I further ask that the bill be considered and read three times and passed and that the motion to reconsider be considered made and laid upon the table.
PRESIDING OFFICER: Is there objection
SENATOR RON JOHNSON (R-WI): Mr. President.
PRESIDING OFFICER: The Senator for Wisconsin
SENATOR RON JOHNSON (R-WI): Reserving the right to object. Mr. President, there are many things that the Senator from Minnesota spoke to that I think most of us would agree with. This COVID crisis has created all kinds of issues that need to be thoroughly discussed and thoroughly debated. And I think there are a number of us on this side of the aisle. I'm just one standing up objecting to this unanimous consent request. But the good news for the Senator from Minnesota is in talking with those colleagues, they also agree there's -- there's a fair number of elements of this bill that they could probably find agreement with. And so I'm just rising to say and certainly extend my hand of cooperation with the Senator from Minnesota. Let's work on these things together.
This is not a bill that comes through my committee's jurisdiction, but I can say that the way we work it through my committee is we work across the aisle. Staff does not fly to work. We come to the conclusion if it's not ready for a particular markup. We go back and we -- we get the work done and then we frequently pass a piece of legislation on voice vote and then bring it to the floor. It's all been ironed out, there's no disagreement, there's no objection and we pass those bills by unanimous consent. I think the problem here is this bill has never had any kind of committee markup, any committee work whatsoever.
And so I would just suggest that the Senator from Minnesota work with her committee. Her committee chair, I see the committee chair is here in the chamber, work on this, try and find those areas of agreement and then maybe we can pass this and maybe potentially passed this by unanimous consent. But this piece of legislation is not ready. It has not gone through that process and as a result Mr. President I object.
PRESIDING OFFICER: Objection is heard.
KLOBUCHAR: Mr. President.
PRESIDING OFFICER: The Senator for Minnesota.
KLOBUCHAR: I appreciate the words of my colleague that he is willing to work with me on this bill. We know we need the immediate fixes to the first piece of legislation, but we also need to look forward to what we have in front of us. And that is to make sure that we hope our states to be able to conduct their election in a safe way.
So Democrats, Republicans or independents, anyone who wants to vote whatever party they're in is able to safely vote.
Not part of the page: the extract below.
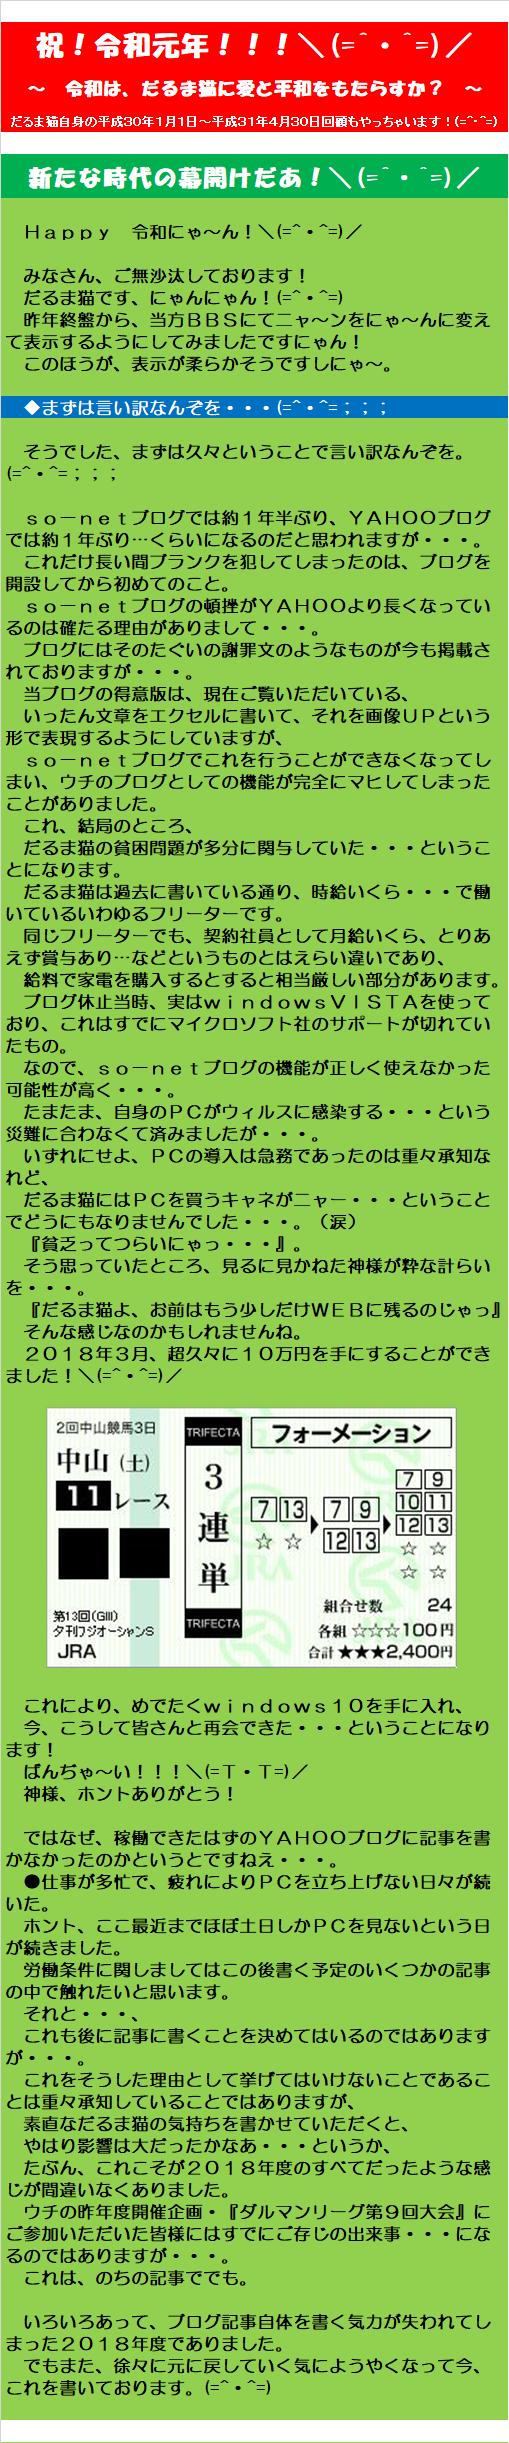 20190505・祝!令和元年!!!\(=^・^=)/①.png

And let's remember that while people were lining those streets to vote in Wisconsin, the President of the United States was able to request a mail in ballot from Palm Beach, Florida and vote in the comfort of 1600 Pennsylvania Avenue. That's an image, a split screen that I don't think anyone wants to see. I think what we want to see is fairness for all Americans and you do that by ahead of time getting them the funding, by making sure we have rules in place that works for everyone, by acknowledging this has never been or should it be a partisan issue. And by telling all Americans, we work this out, we're getting the funding to the states. We're working with all your states. We put in some fair rules so that no American will be denied the right to vote.
Thank you, Mr. President I yield the floor.